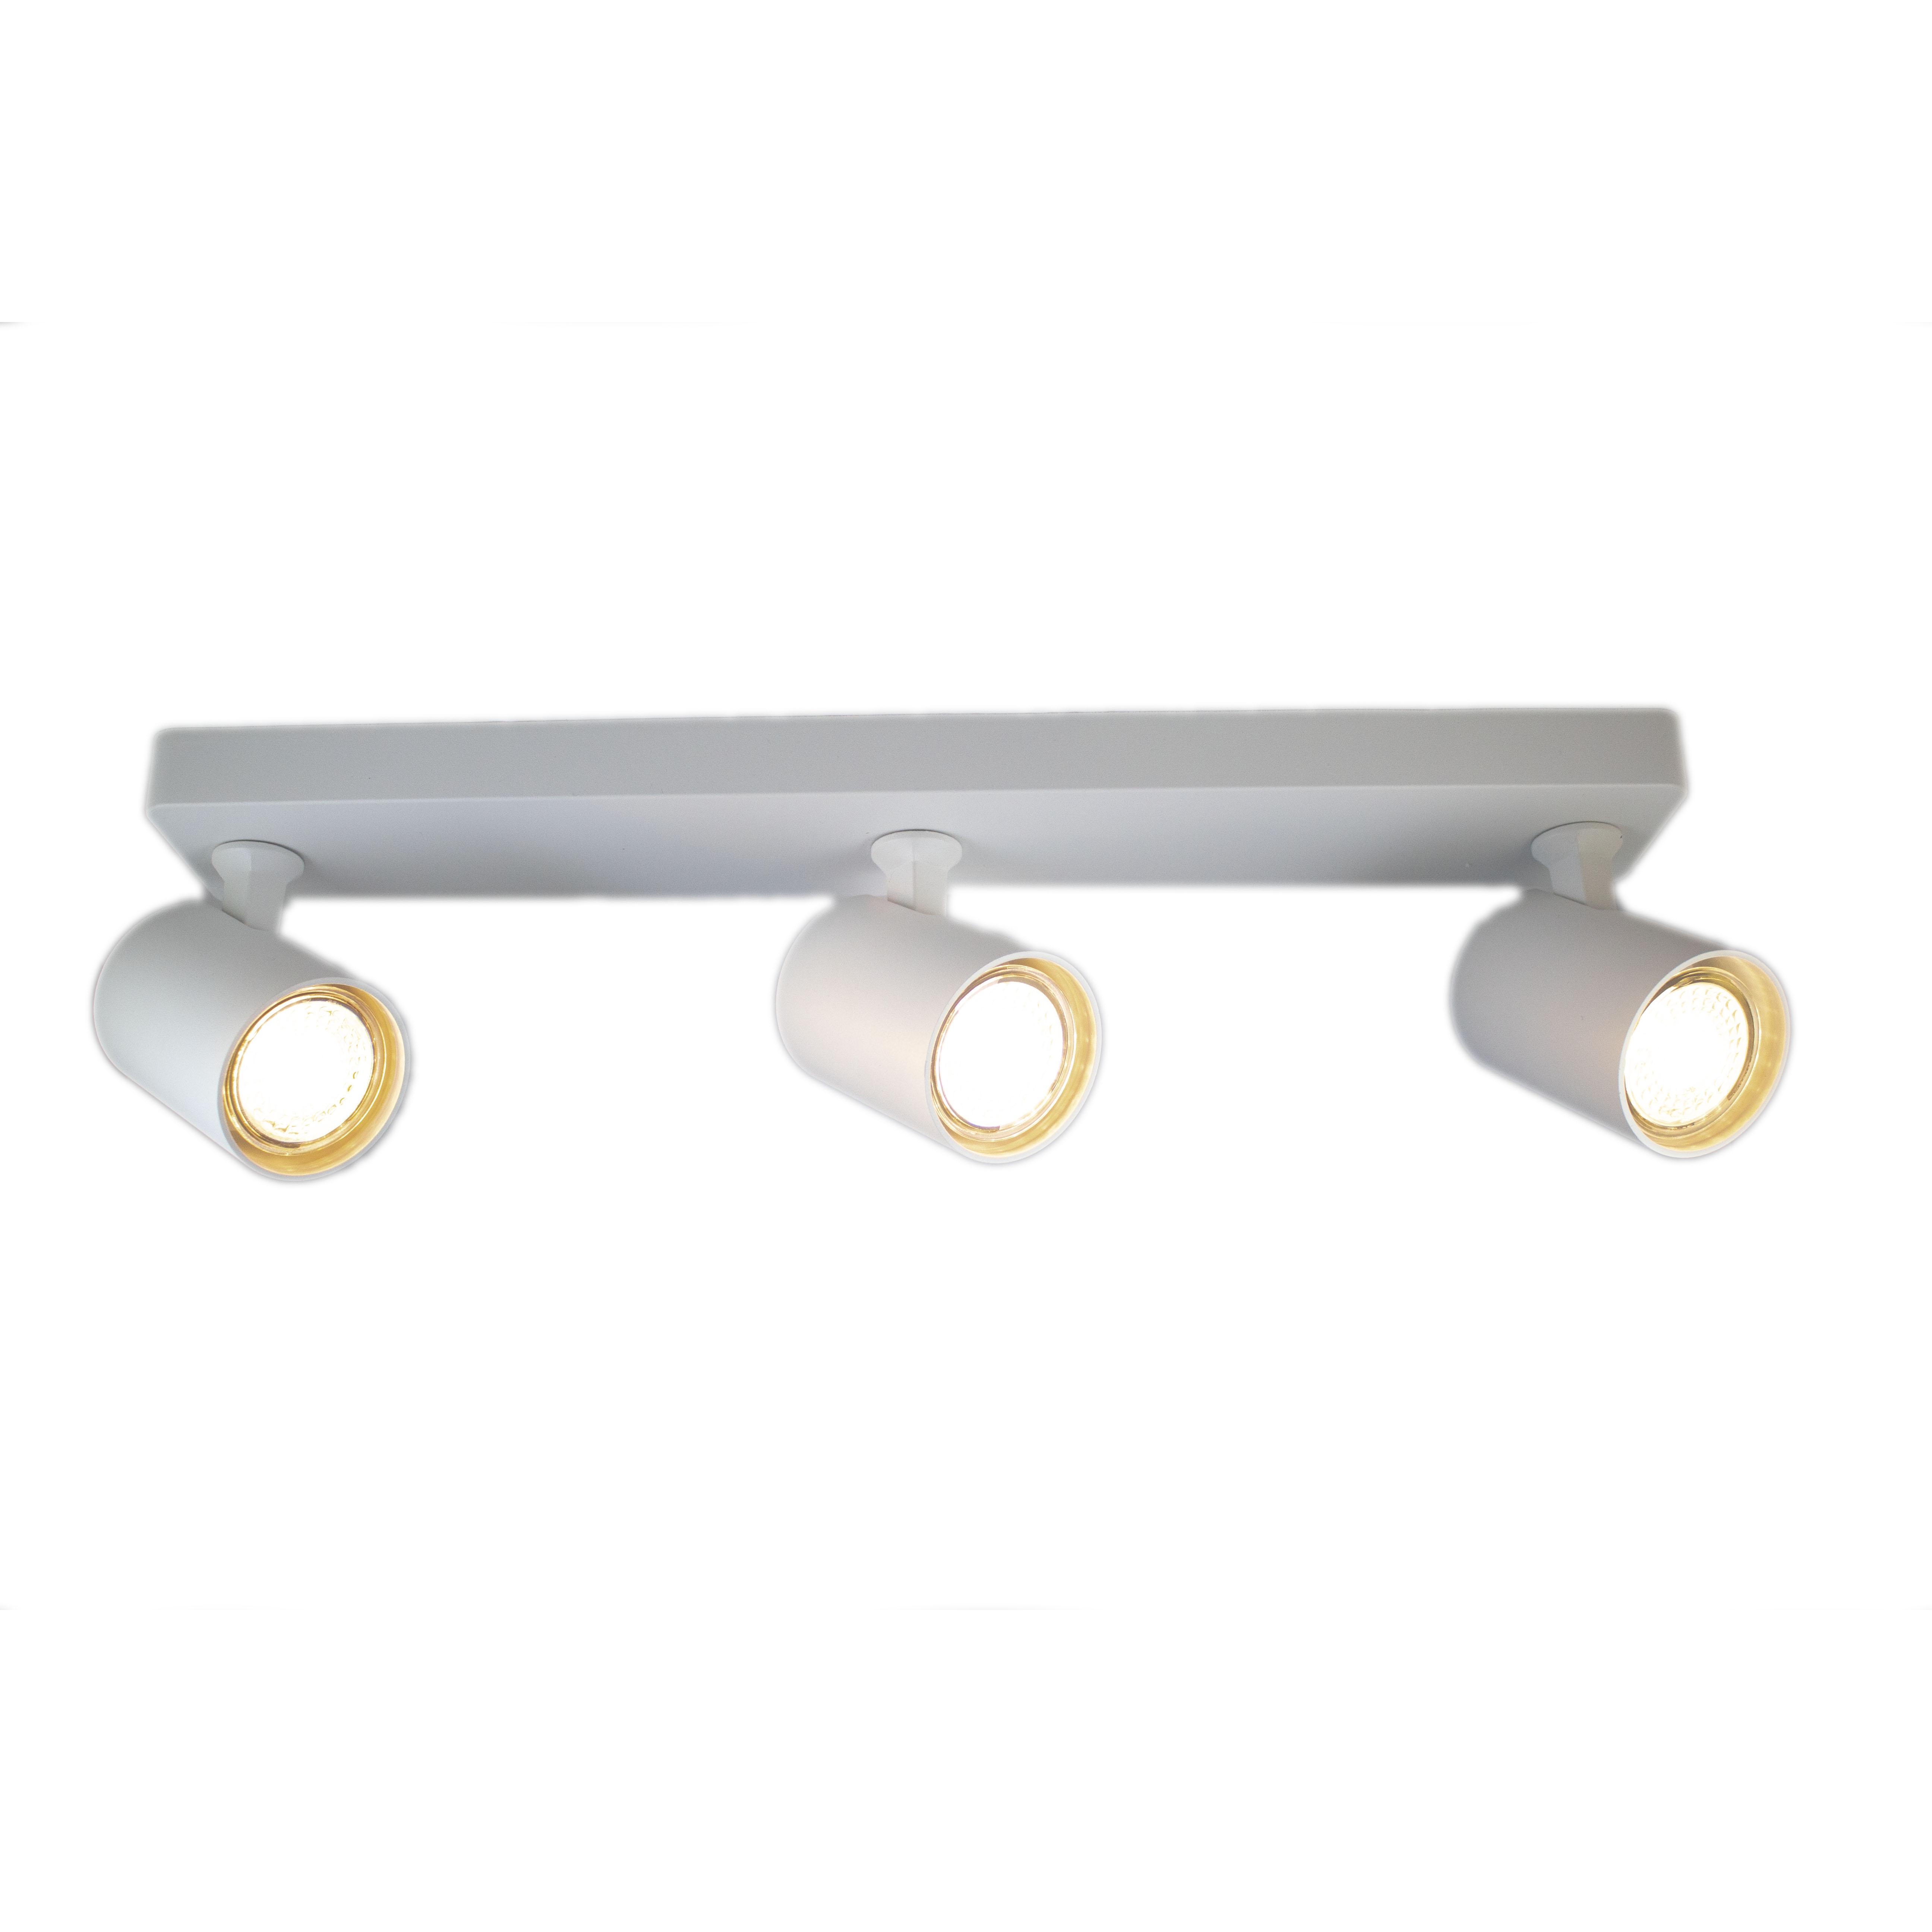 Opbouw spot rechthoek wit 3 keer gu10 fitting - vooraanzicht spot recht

==

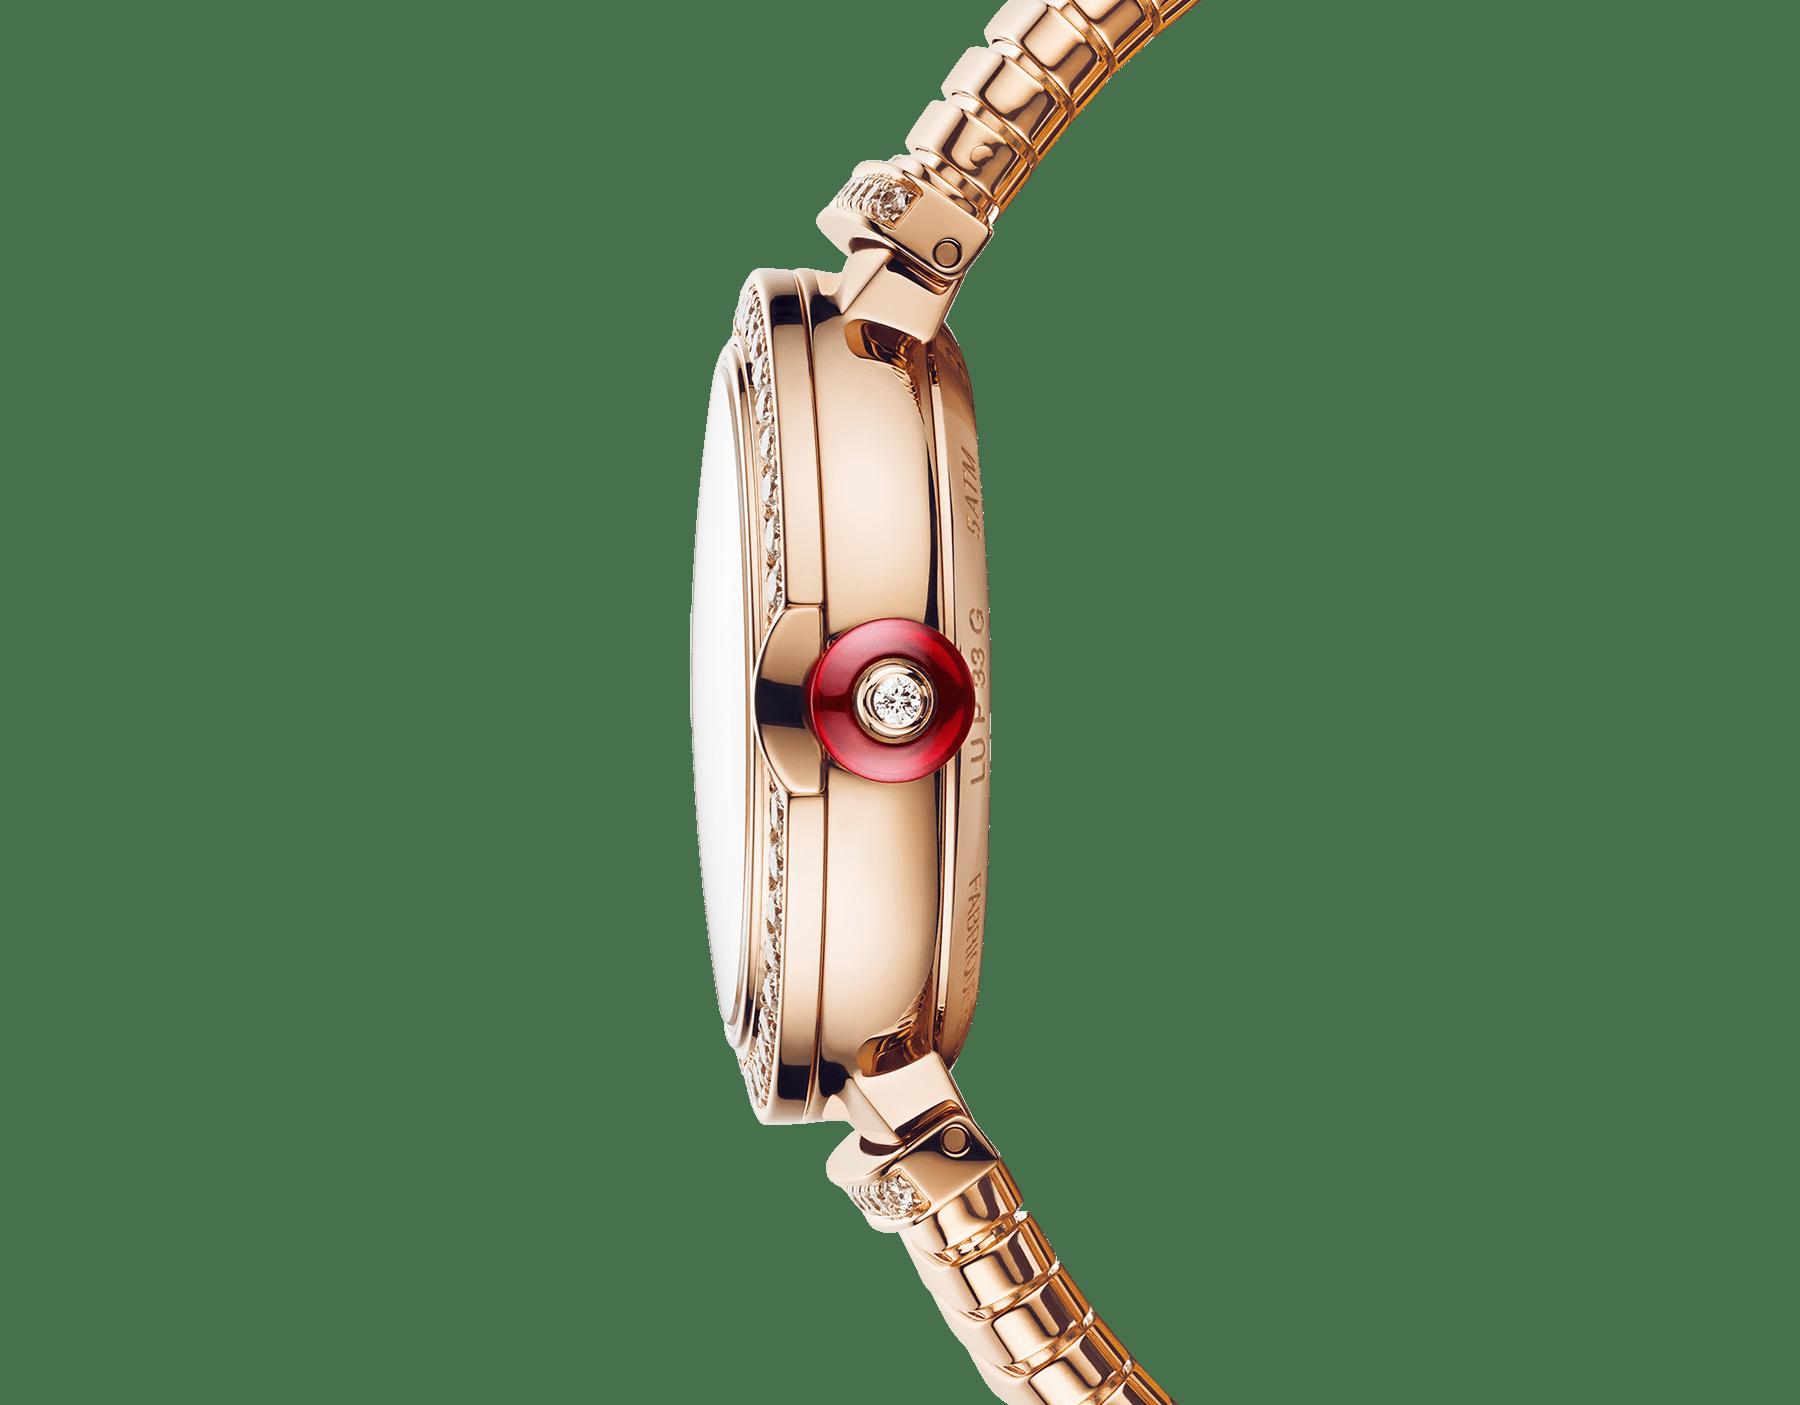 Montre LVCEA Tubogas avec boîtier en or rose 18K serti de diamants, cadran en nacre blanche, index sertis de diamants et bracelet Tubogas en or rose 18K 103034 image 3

* * *

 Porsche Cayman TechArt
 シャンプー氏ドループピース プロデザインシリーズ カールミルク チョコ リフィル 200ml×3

Problem description: Take the lines above from the one containing "Porsche Cayman TechArt" to the one containing "シャンプー氏ドループピース プロデザインシリーズ カールミルク" and retype them exactly, both ends included, with nothing added.

Solution below:
 Porsche Cayman TechArt
 シャンプー氏ドループピース プロデザインシリーズ カールミルク チョコ リフィル 200ml×3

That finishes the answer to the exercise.